Now, we will demonstrate how one could download the data associated with a data record.
Viewing Data Records
For the purposes of this demonstration, we will be using data that was created elsewhere as the data view
command shows:
root> data view d/10314975
ID: d/10314975
Alias: cln_b_1_beline_0001
Title: CLN_B_1_BEline_0001
Tags: (none)
Data Size: 25.7 MB
Data Repo ID: repo/cades-cnms
Source: 57230a10-7ba2-11e7-8c3b-22000b9923ef/Nanophase/CLN_B_1_BEline_0001.h5
Extension: (auto)
Owner: somnaths
Creator: somnaths
Created: 11/01/2019,19:54
Updated: 11/15/2019,20:31
Description: (none)
Downloading Raw Data
Note
Before attempting to upload raw data, ensure that the Globus endpoint associated with the machine where you use DataFed is active.

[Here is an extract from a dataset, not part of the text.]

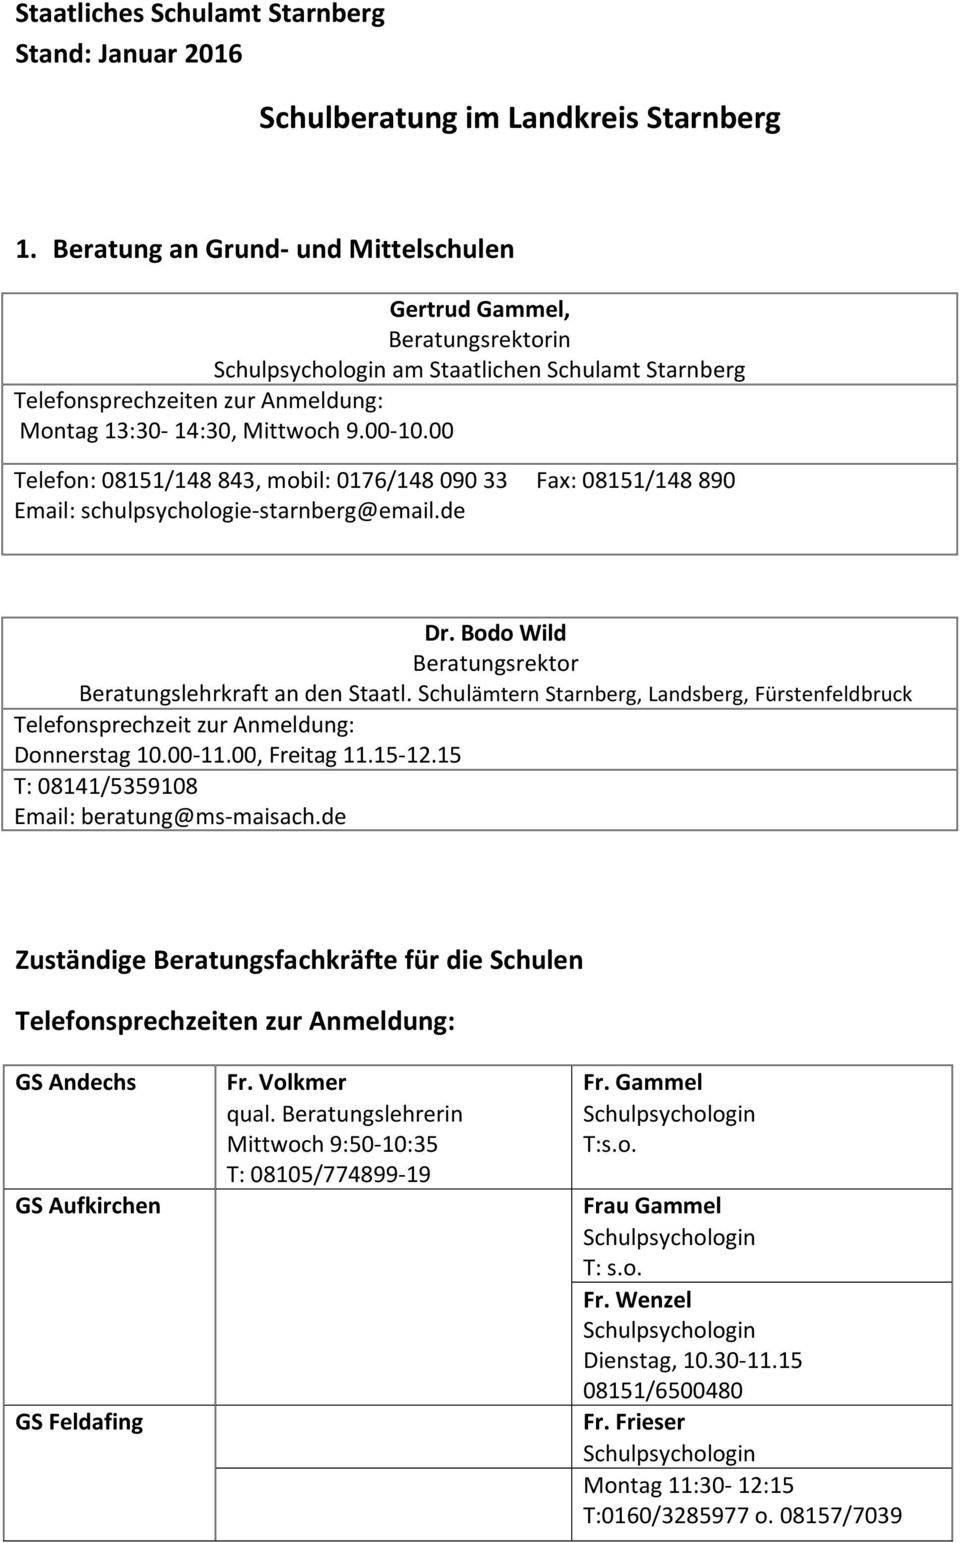 Schulämtern Starnberg, Landsberg, Fürstenfeldbruck Telefonsprechzeit zur Anmeldung: Donnerstag 10.00-11.00, Freitag 11.15-12.15 T: 08141/5359108 Email: beratung@ms-maisach.
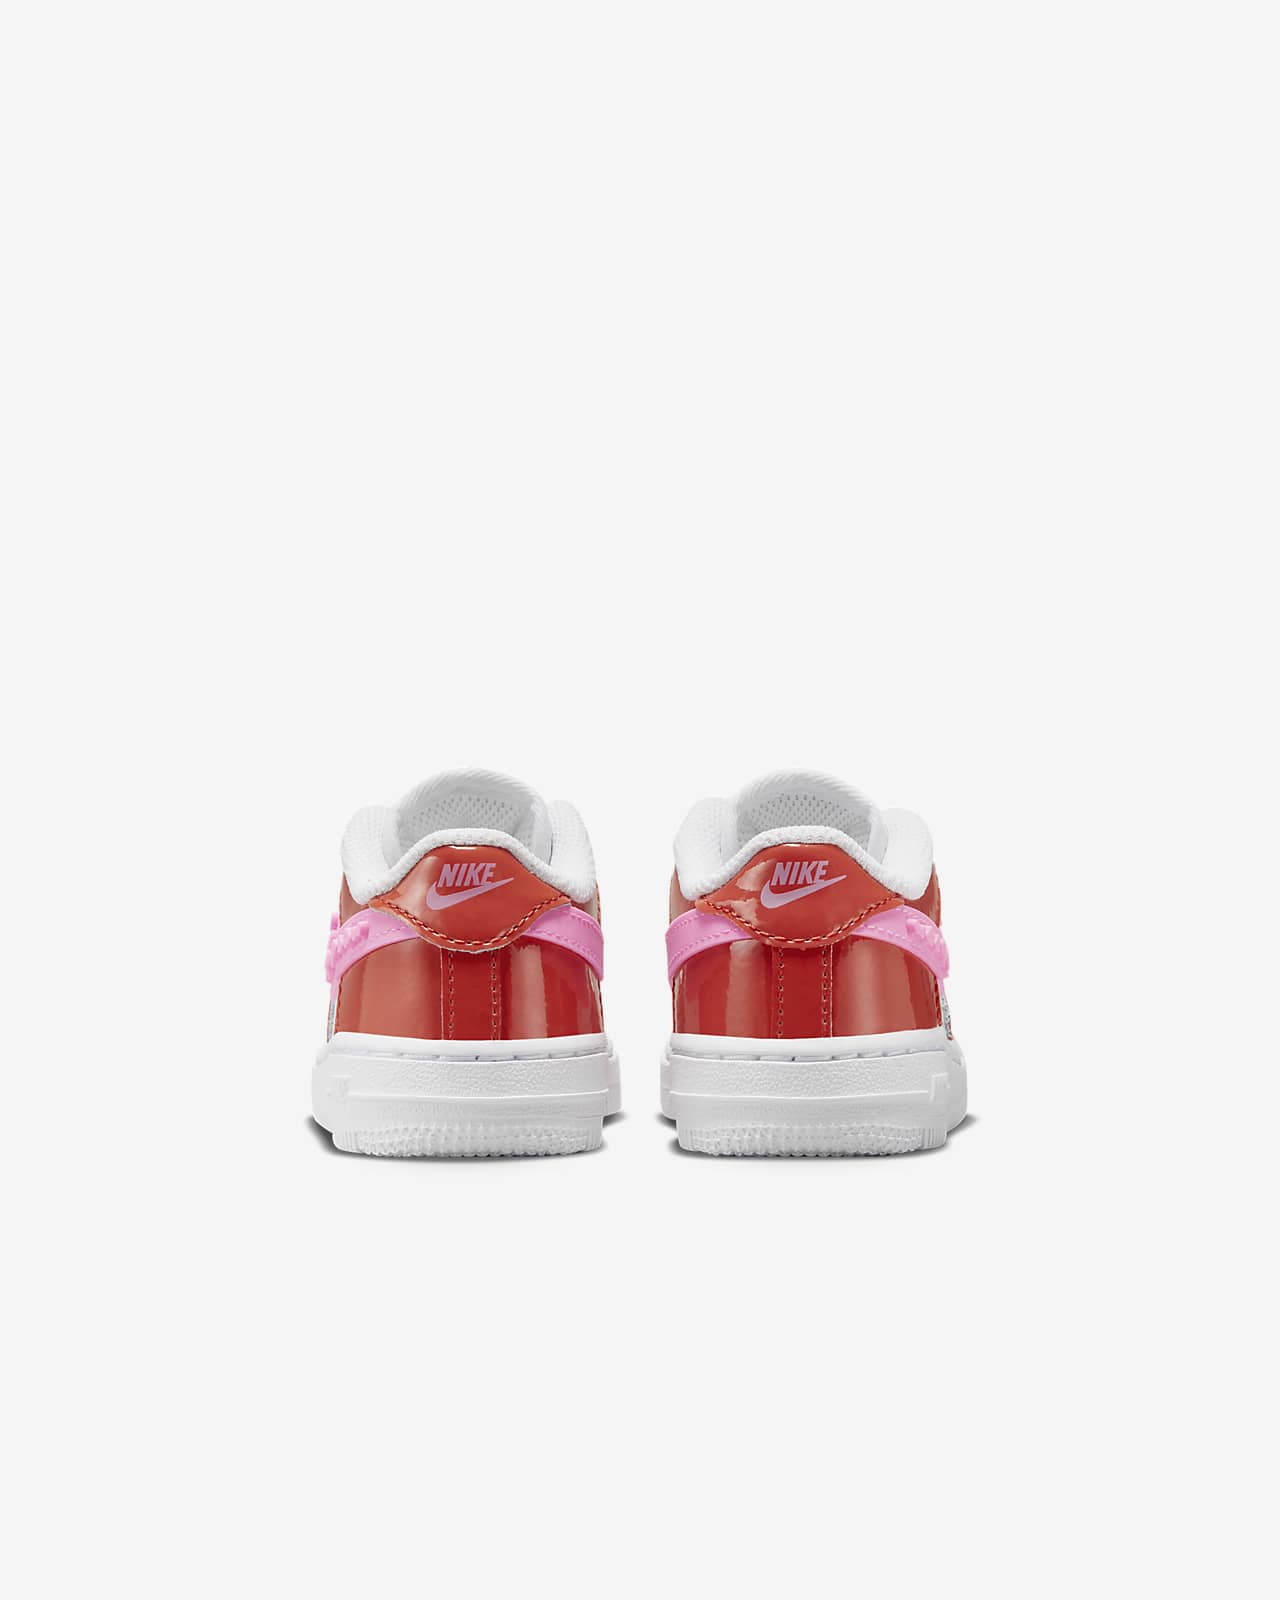 Nike Kids Force 1 LV8 1 (Infant/Toddler)

We list the contents of the local directory using the shell ls
command to show that the file we want to download / get
doesn’t already exist:
root> exit # returning to bash now
$ ls -hlt
total 28M
-rw-rw---- 1 somnaths somnaths 40 Nov 25 07:58 nersc_md.json
-rw-r--r-- 1 somnaths somnaths 400K Nov 3 13:36 Translation_compiled.html
-rw-r--r-- 1 somnaths somnaths 1.9M Nov 3 13:30 image_02.mat
-rw-rw---- 1 somnaths somnaths 37 Nov 3 11:41 nersc_data.txt
We can download the data associated with a data record using the data get
command as shown below:
$ datafed
Welcome to DataFed CLI, version 1.1.0:0
Authenticated as u/somnaths
Use 'exit' command or Ctrl-C to exit shell.
root> data get \
--wait \ # optional - wait for Globus transfer to complete
d/10314975 \ # ID of data record
. # Where to put it in local file system
root> exit
> ls -hlt
total 28M
-rw-r--r-- 1 somnaths somnaths 26M Nov 25 08:08 10314975.h5
-rw-rw---- 1 somnaths somnaths 40 Nov 25 07:58 nersc_md.json
-rw-r--r-- 1 somnaths somnaths 400K Nov 3 13:36 Translation_compiled.html
-rw-r--r-- 1 somnaths somnaths 1.9M Nov 3 13:30 image_02.mat
-rw-rw---- 1 somnaths somnaths 37 Nov 3 11:41 nersc_data.txt
As the listing of the local directory shows, we got the 10314975.h5
file from the data get
command.
Comments
Note
Users are recommended to perform data orchestration (especially large data movement - upload / download) operations outside the scope of heavy / parallel computation operations in order to avoid wasting precious wall time on compute clusters.